[SUPPLIED DATA]

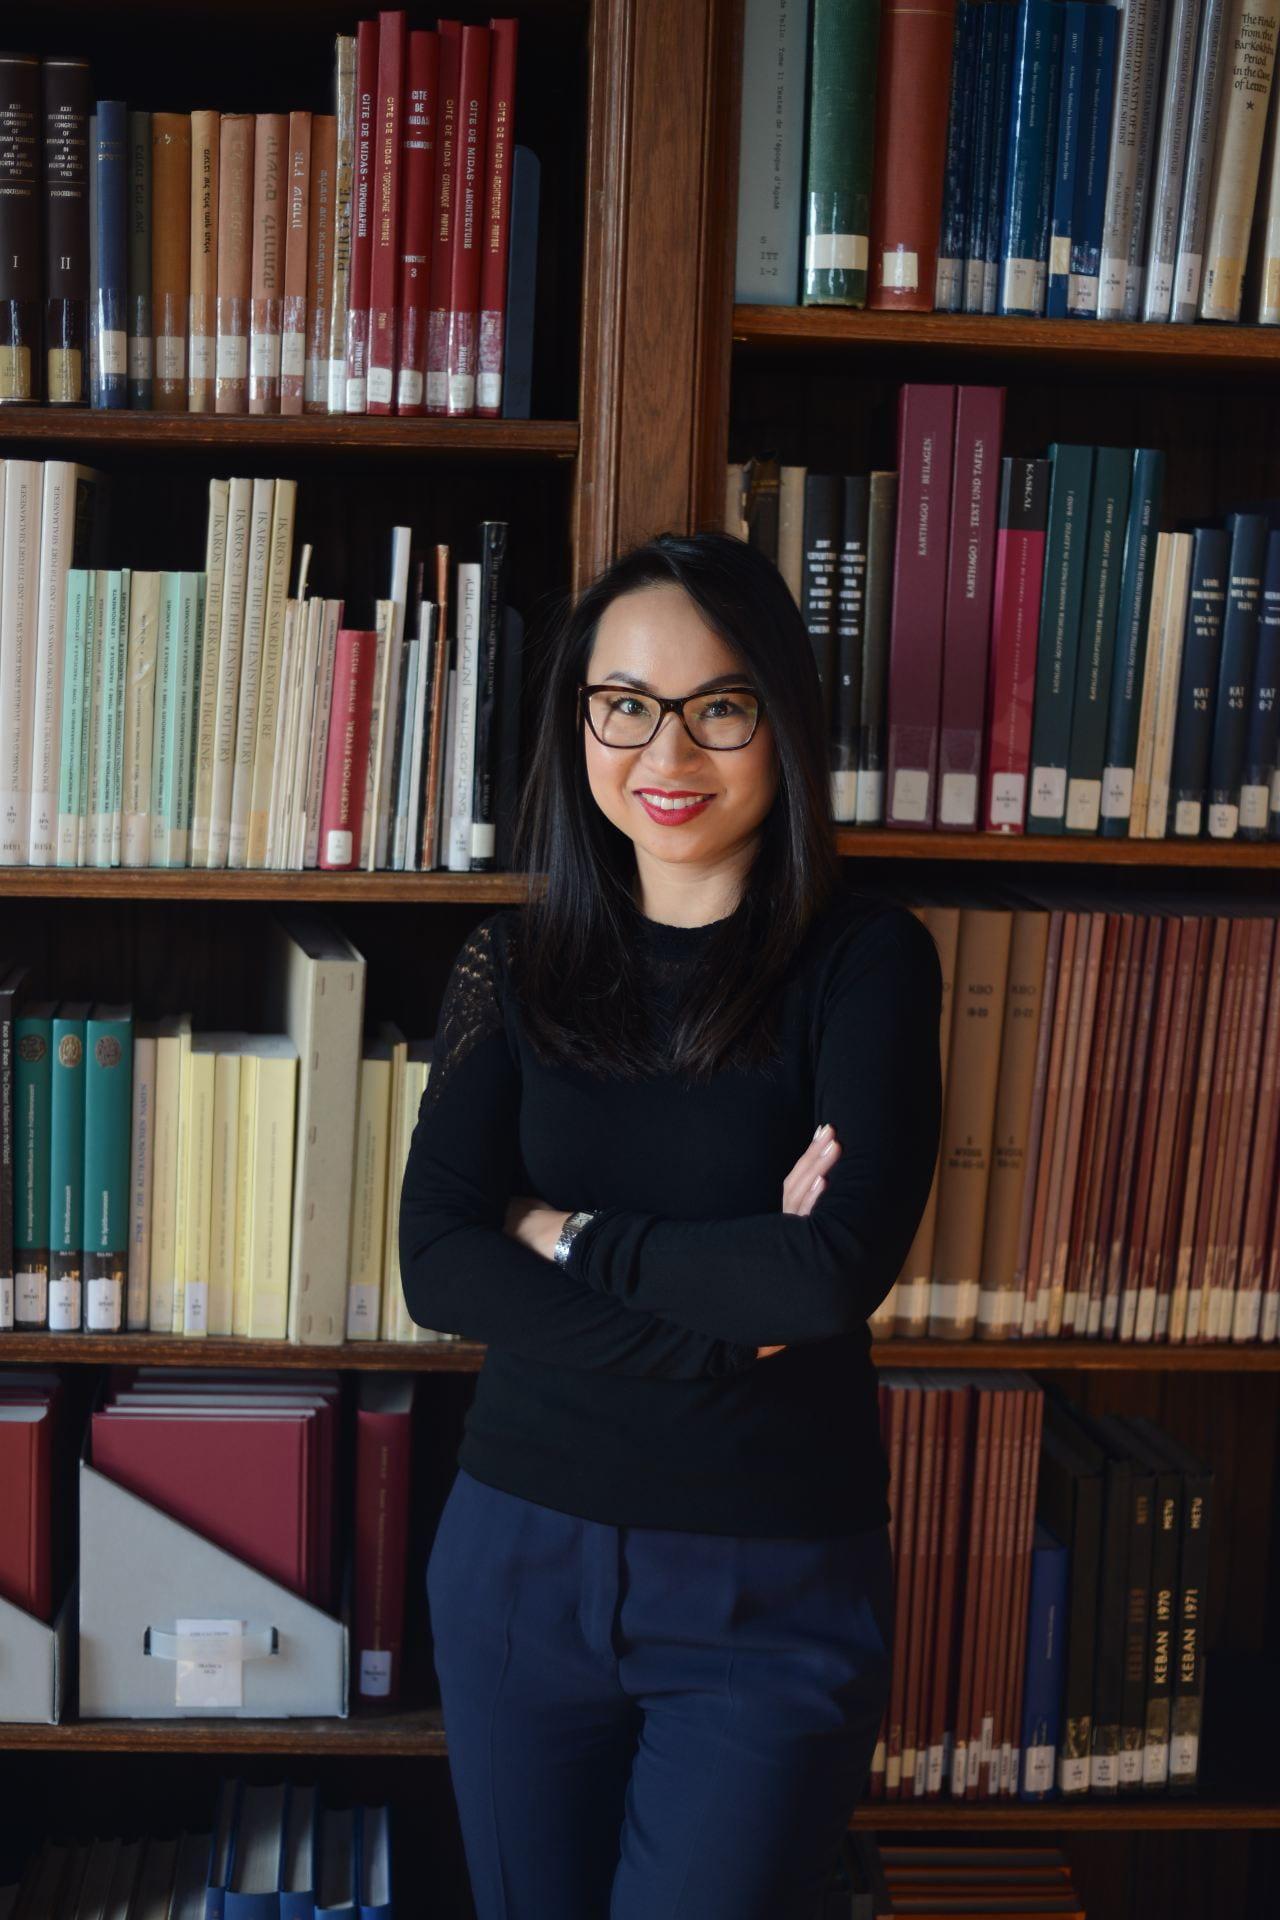 Headshot of Kimberly Kay Hoang
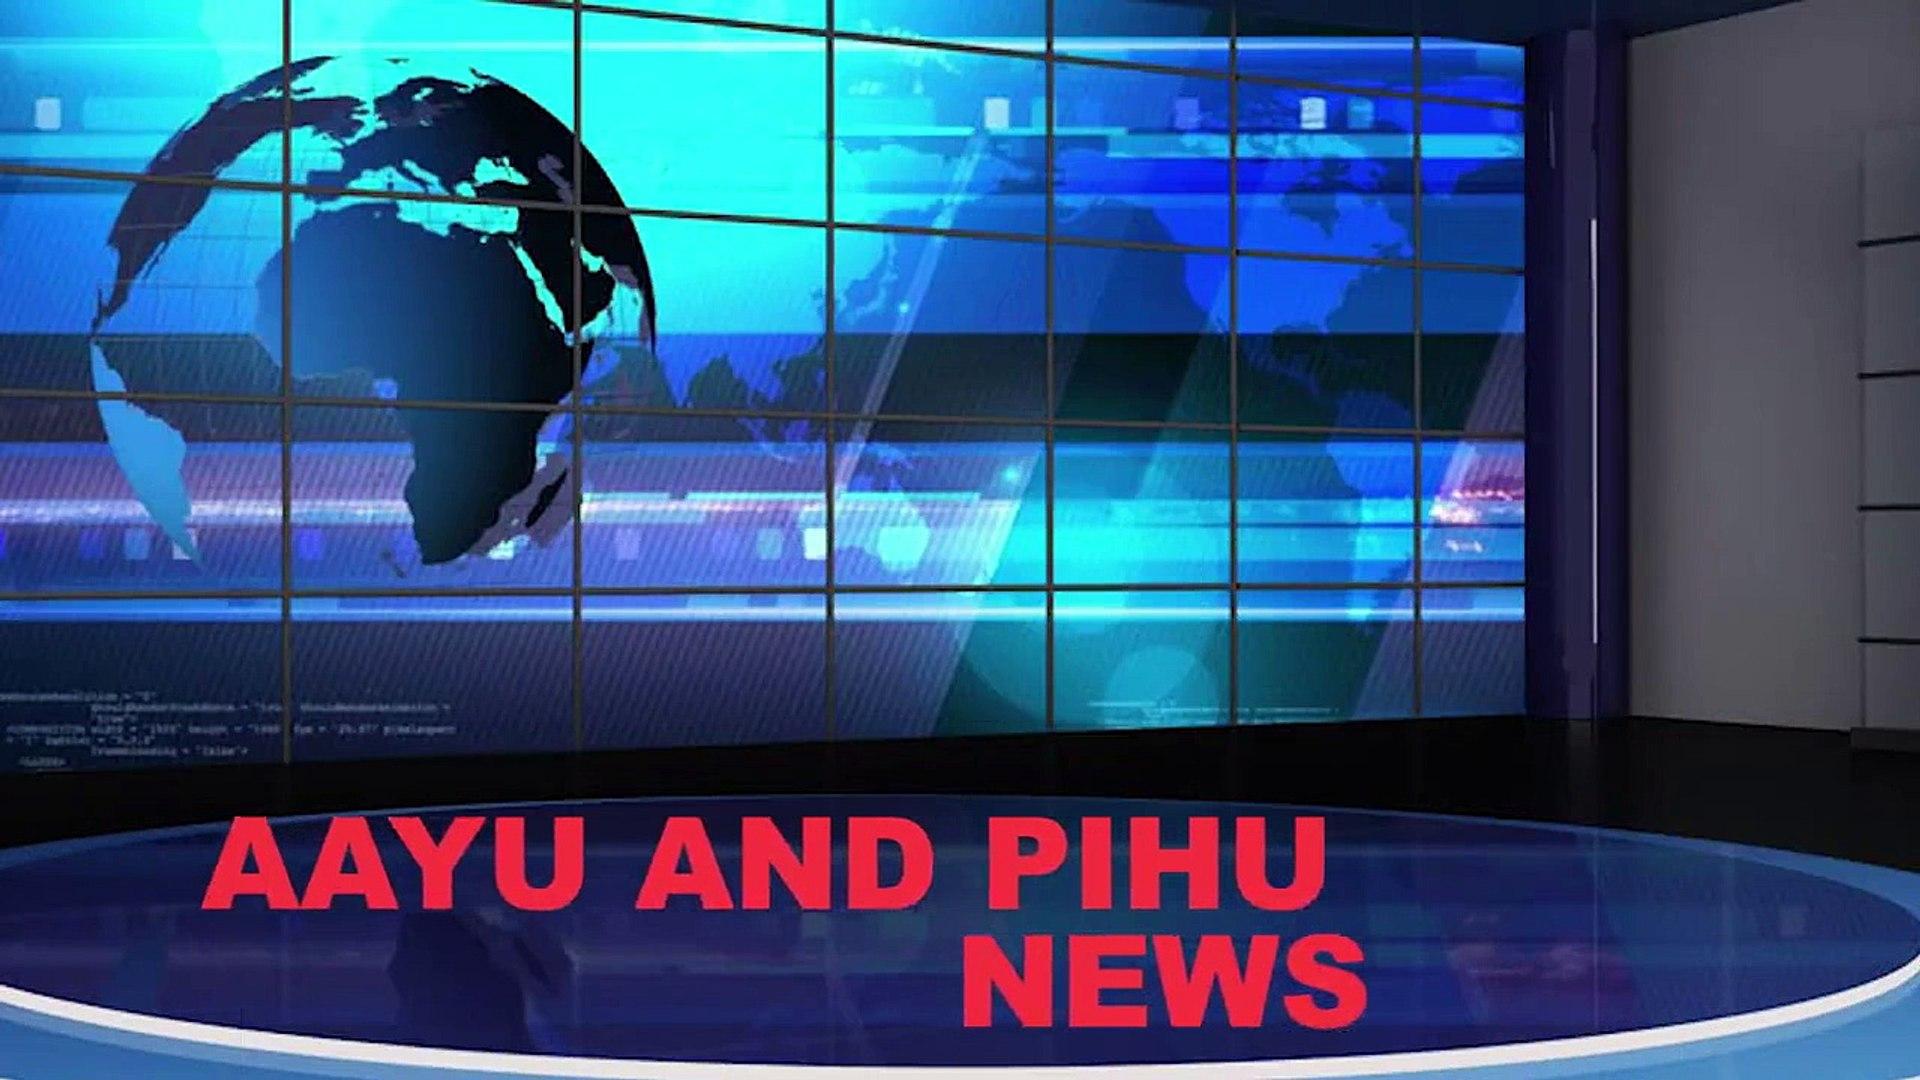 KIDS COMEDY SHOW | MUMMY ANGRY KIDS WATCHING CARTOON | INDIAN FAMILY VIDEOS | AAYU AND PIHU SHOW
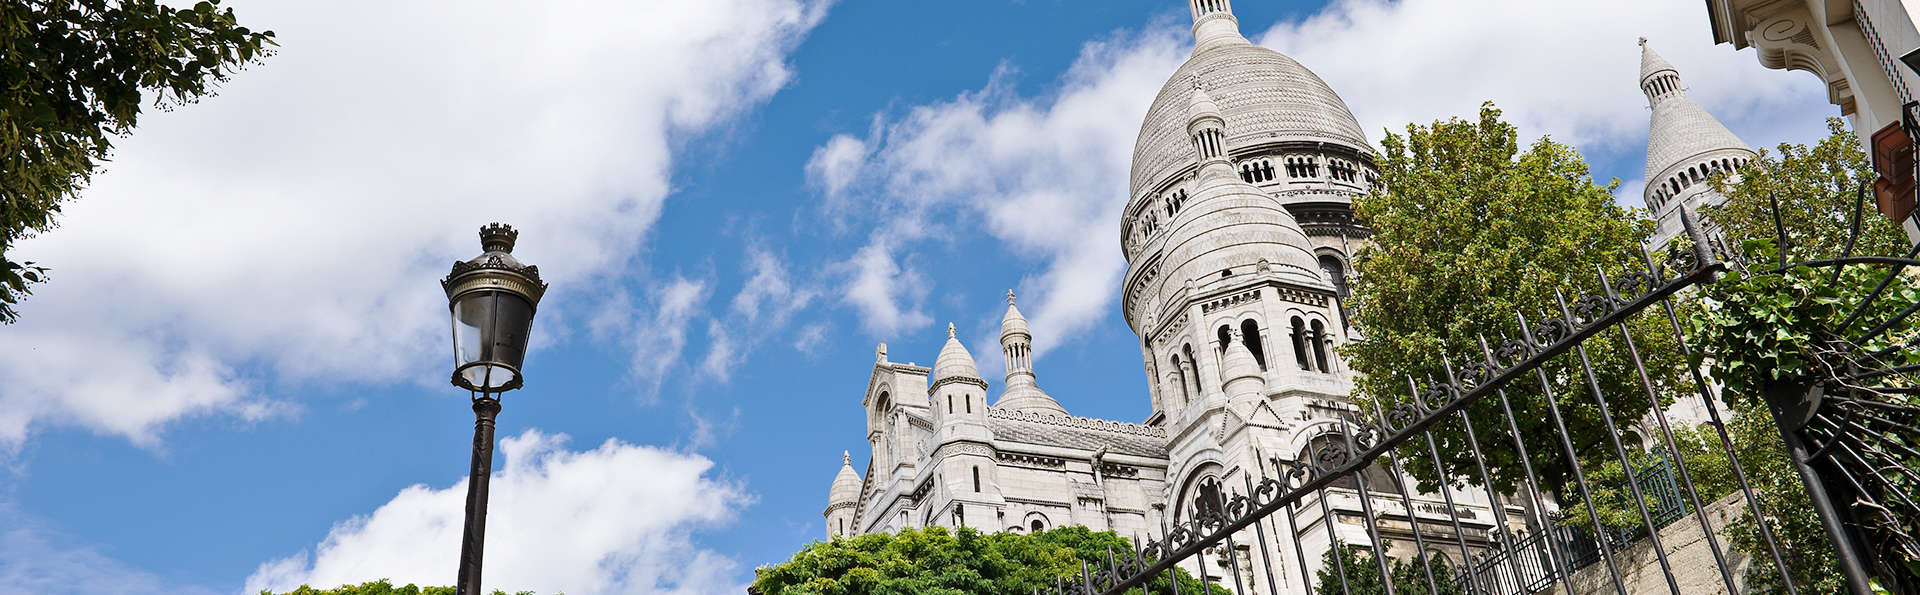 Hôtel Les Jardins de Montmartre - EDIT_Facade_2.jpg
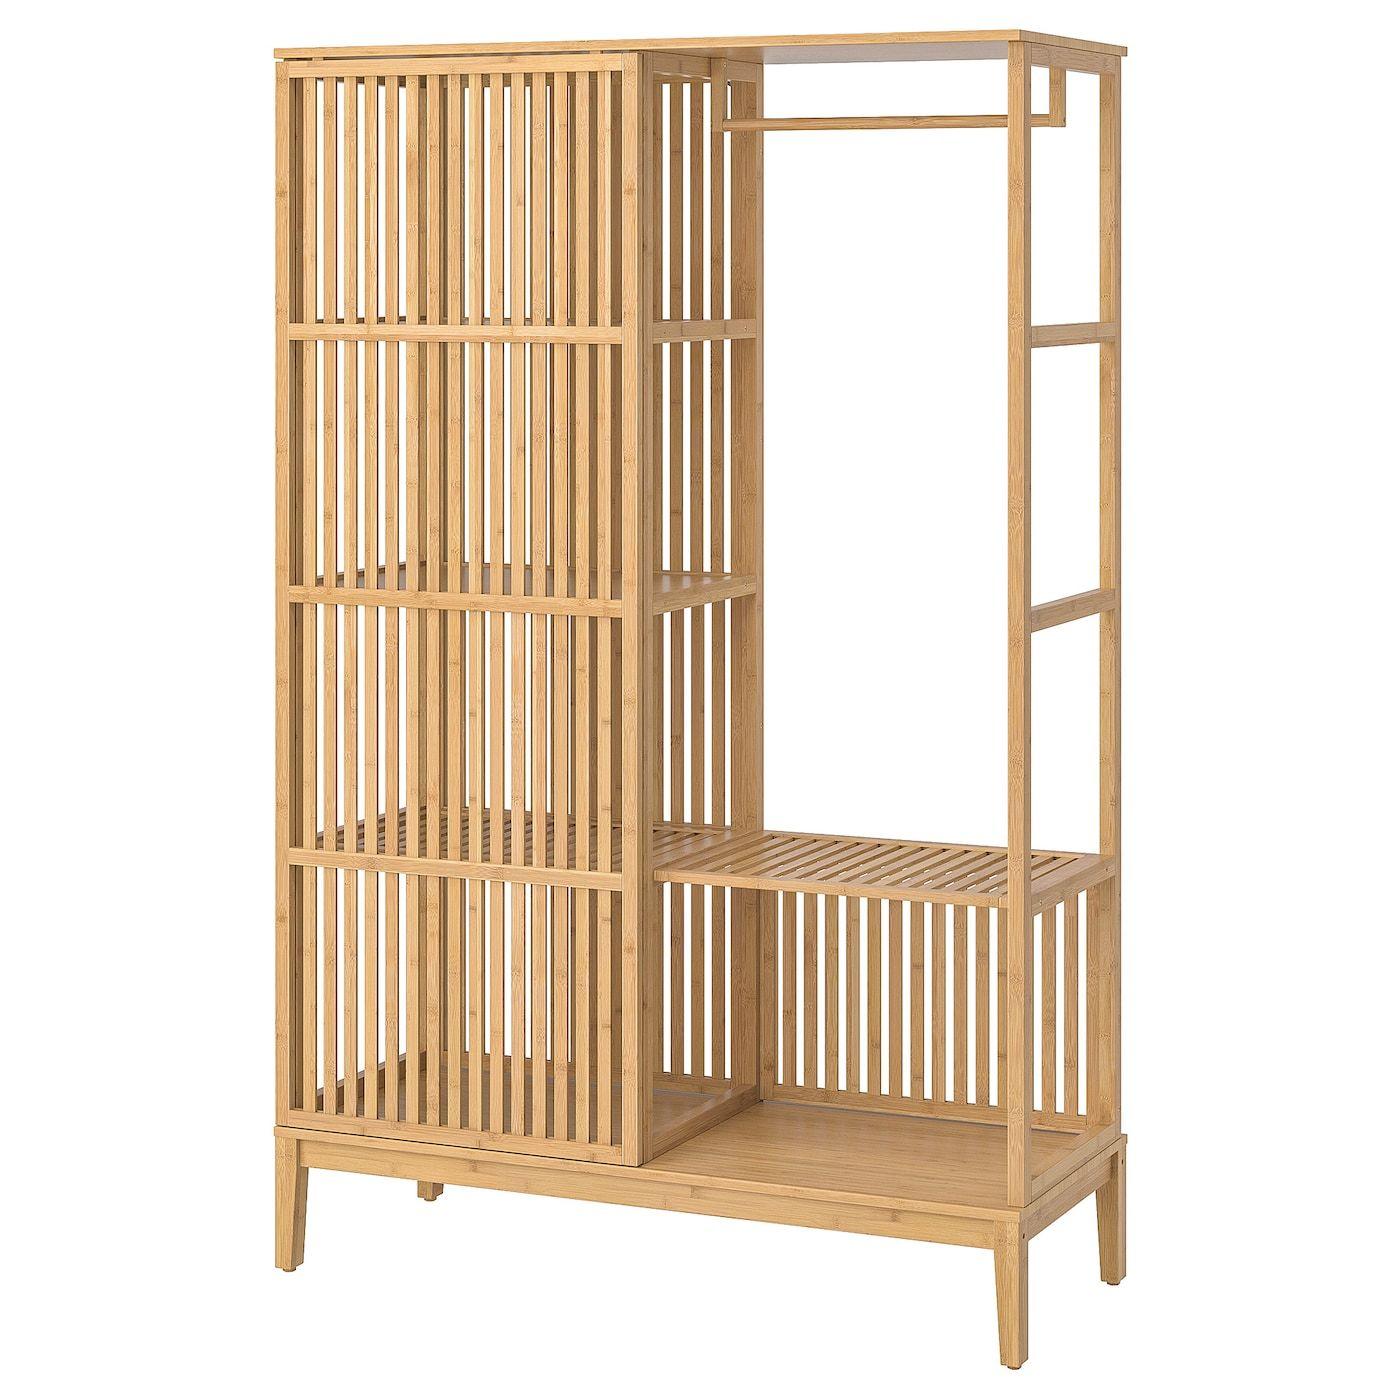 Nordkisa Open Wardrobe With Sliding Door Bamboo 47 1 4x73 1 4

[/SUPPLIED DATA]

WORK INSTRUCTION: From the line containing "KIDS COMEDY SHOW" to the final line above, both included, transcribe every line exactly and leave all pictures out.

RESPONSE AREA:
 KIDS COMEDY SHOW | MUMMY ANGRY KIDS WATCHING CARTOON | INDIAN FAMILY VIDEOS | AAYU AND PIHU SHOW
 Hôtel Les Jardins de Montmartre - EDIT_Facade_2.jpg
 Nordkisa Open Wardrobe With Sliding Door Bamboo 47 1 4x73 1 4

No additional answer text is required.